Now all you have to do is make that calculation for every possible combination of buyers. That's a basic combinations problem: "n choose k" where n is the total number of buyers and k is the number of buyers you're limited to. There are functions out there that will generate lists of these combinations (I wrote my own... there's also this PEAR package for php).
Once you have a max total revenue for every combination of chosen buyers, just pick the biggest one, and you've solved the problem.
More elegant algorithm?
However, as I intimated by calling this "brute force", the above is not fast, and scales horribly. My machine runs out of memory with 20 buyers and 20 items. I'm sure a better algorithm exists, and I've got a good one, but it isn't perfect.
It's based on opportunity costs. I calculate the difference between the highest price and the second highest price for each item. That difference is an opportunity cost for not picking the buyer with that highest price.
Then I pick buyers offering high prices for items where the opportunity cost is the highest (thus avoiding the worst opportunity costs), until I have k - 1 buyers (where k is the max I can pick).

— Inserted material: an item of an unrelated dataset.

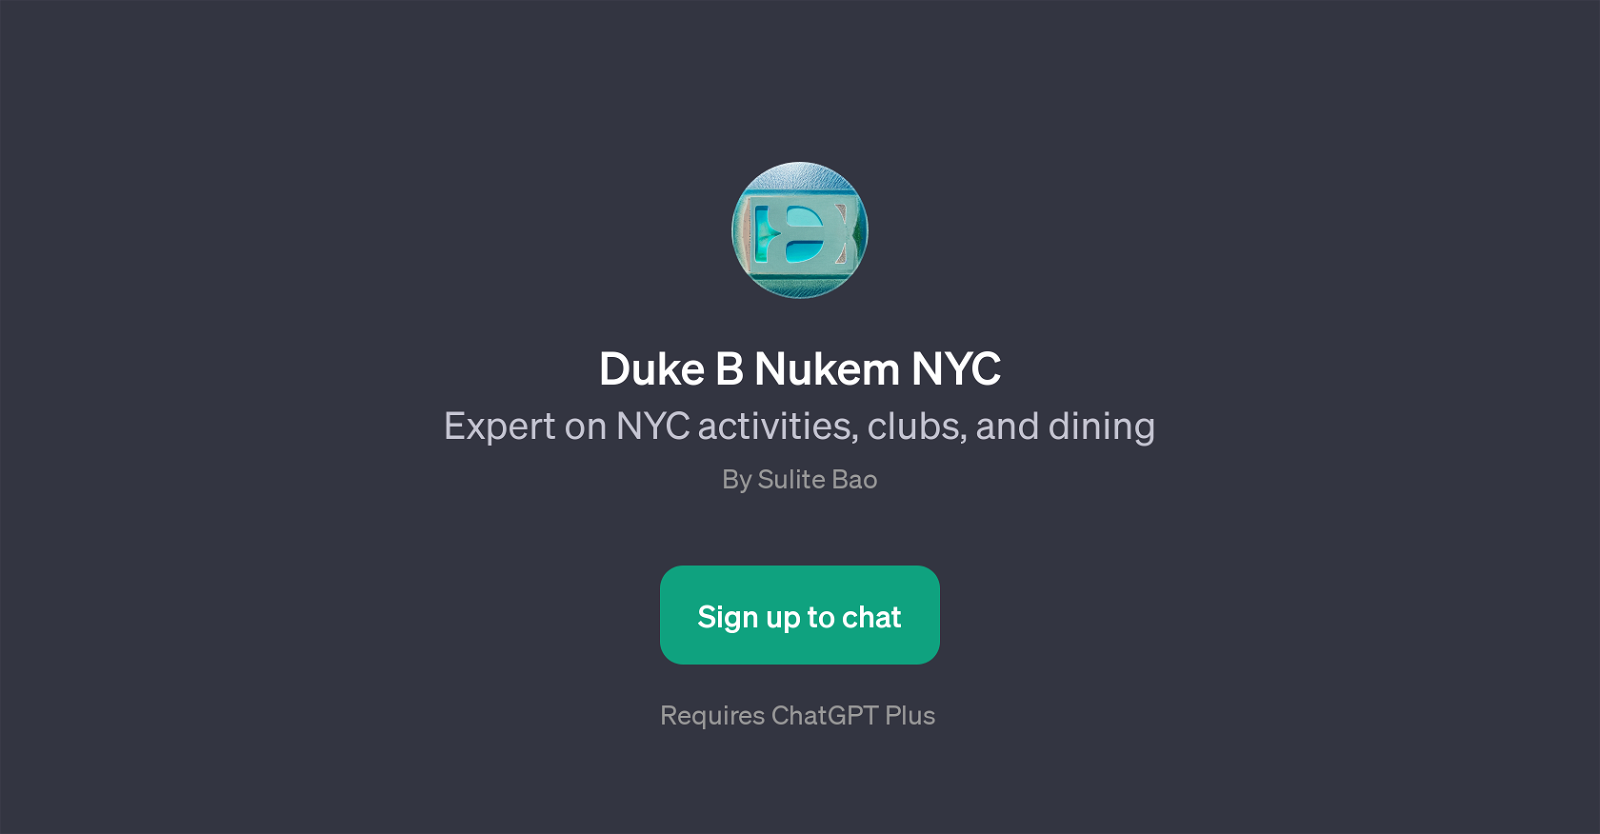 Duke B Nukem NYC website

The final choice is tricky, and instead of writing a much more complicated algorithm, I just run all the possibilities for the final buyer and pick the best revenue.

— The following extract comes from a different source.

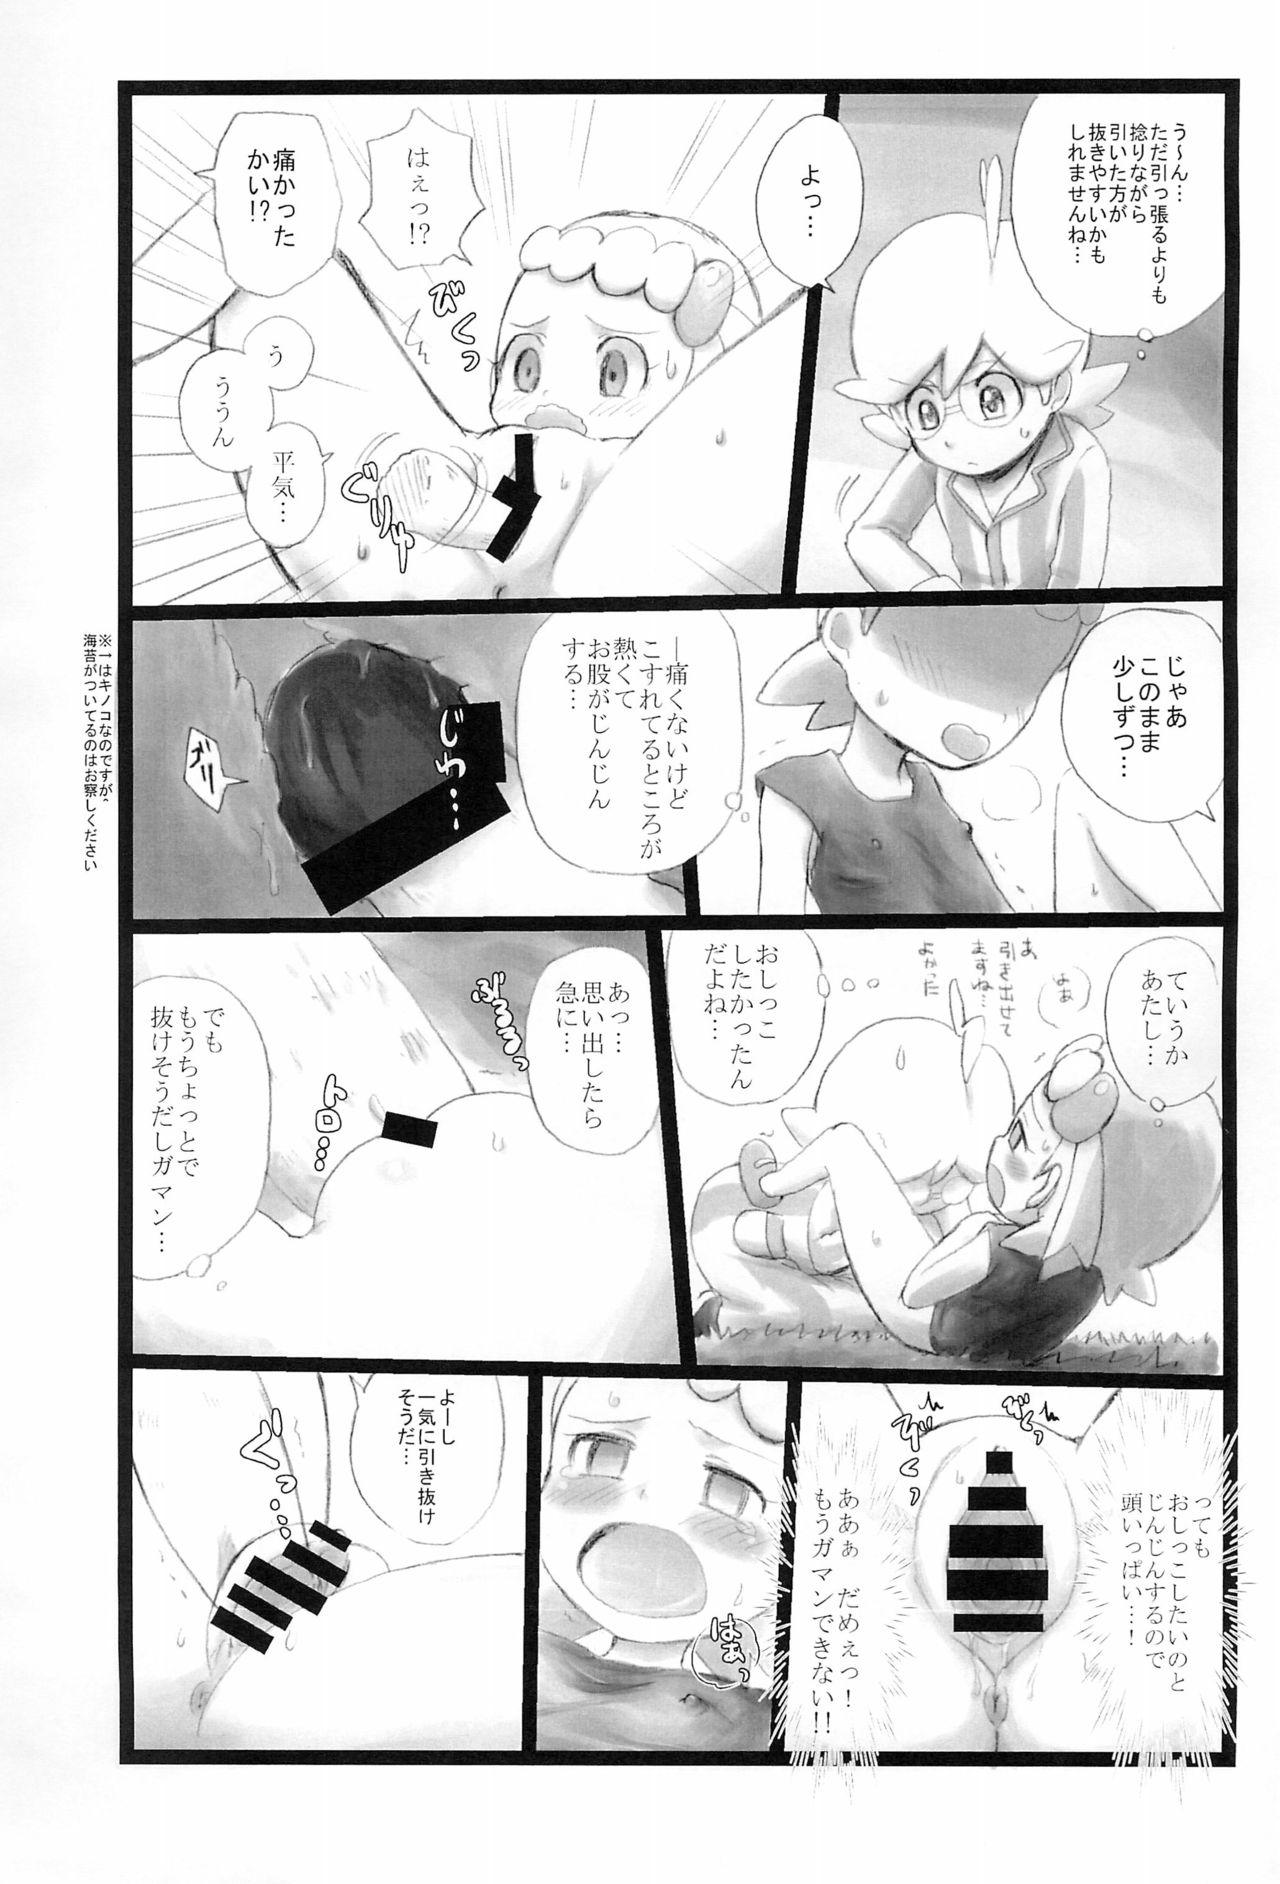 Novia Kinoko & Pearl - Pokemon Family - Page 5

This strategy picks the best combination most of the time, and if it misses, it doesn't miss much. Its also scales relatively well. It's 10x faster than brute force on small scales, and if I quadruple all the parameters (buyers, buyer limit, and items), calculation time goes up by a factor of 20. Considering how many combinations are involved, that's pretty good.

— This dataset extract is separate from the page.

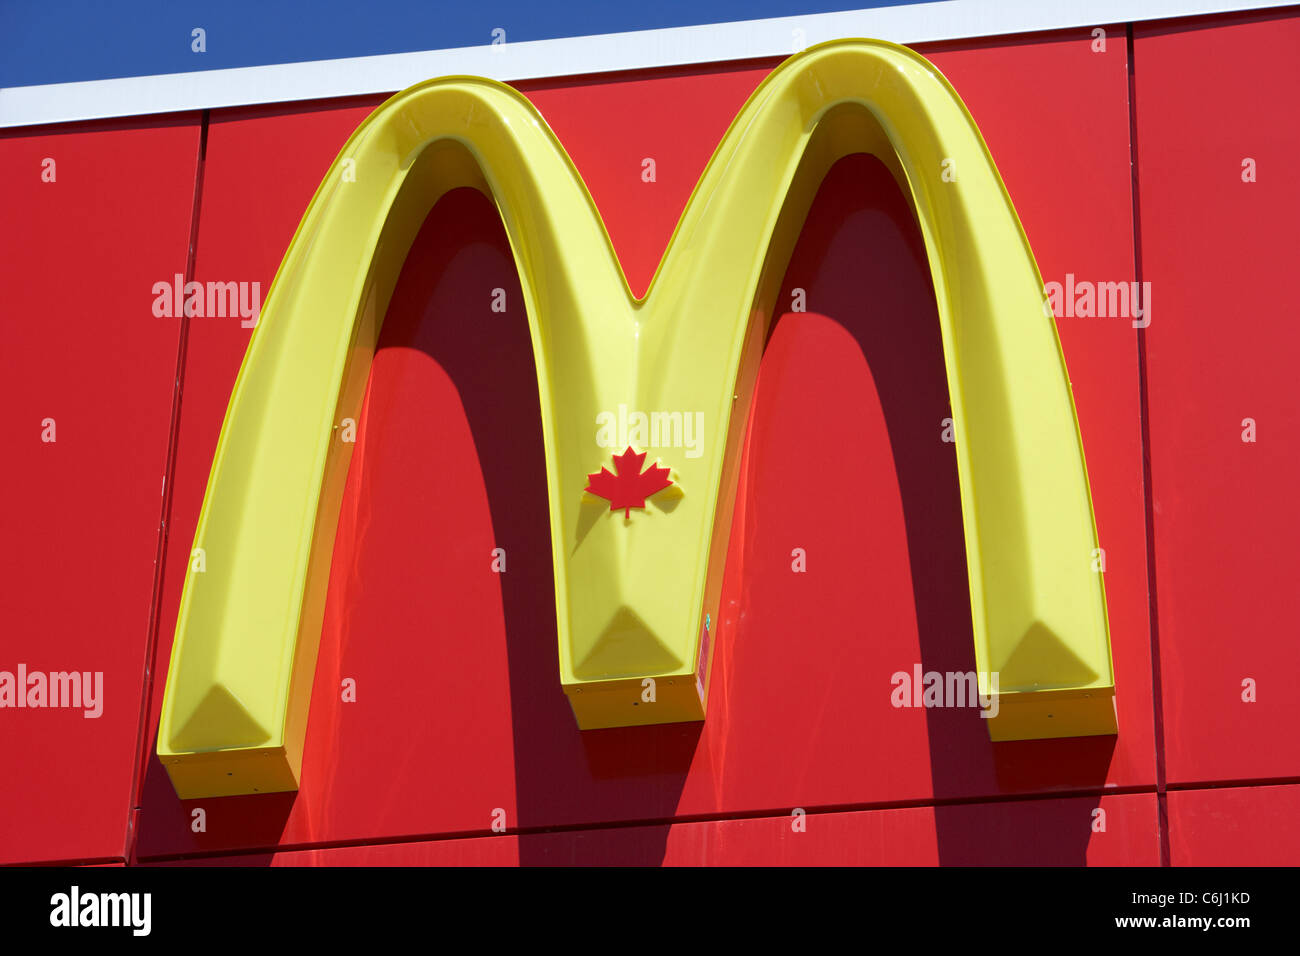 D'un restaurant Mcdonald's Golden Arches logo avec le symbole de la feuille d'érable canadienne Winnipeg Manitoba canada Banque D'Images

I've got some code drafted, but it's too long for this post. Let me know if you're interested, and I'll figure out a way to send it to you.
This is a graph problem. It can be solved with the Edmond's Blossom V algorithm. It's a matching algorithm to find the best pairwise matching for example in dating programs. Maybe you want to look for the 1d bin-packing algorithm. In 1d bin-packing you have a limit items to assign to unlimited boxes or shelves the better the boxes get filled.
If I understand the problem correctly, it is NP-complete via reduction from Minimum Set Cover. We can translate an instance of Set Cover into an instance of the OP's problem as follows:
Let an instance of Set Cover be given by a set X of size n and a collection of subsets S_1, S_2, ..., S_m of X. Construct an instance of the OP's problem where the seller has n items to sell to m buyers, where buyer i offers a price of 1 for item j if *S_i* contains item j and 0 otherwise. A solution to the OP's problem where the number of buyers is limited by k and the total price paid is n corresponds to a solution to the original Set Cover problem with k sets. So, if you had a polynomial-time solution to the OP's problem, you could solve Minimum Set Cover by successively solving it for the case of 1, 2, 3, etc... buyers until you found a solution with total price equal to n.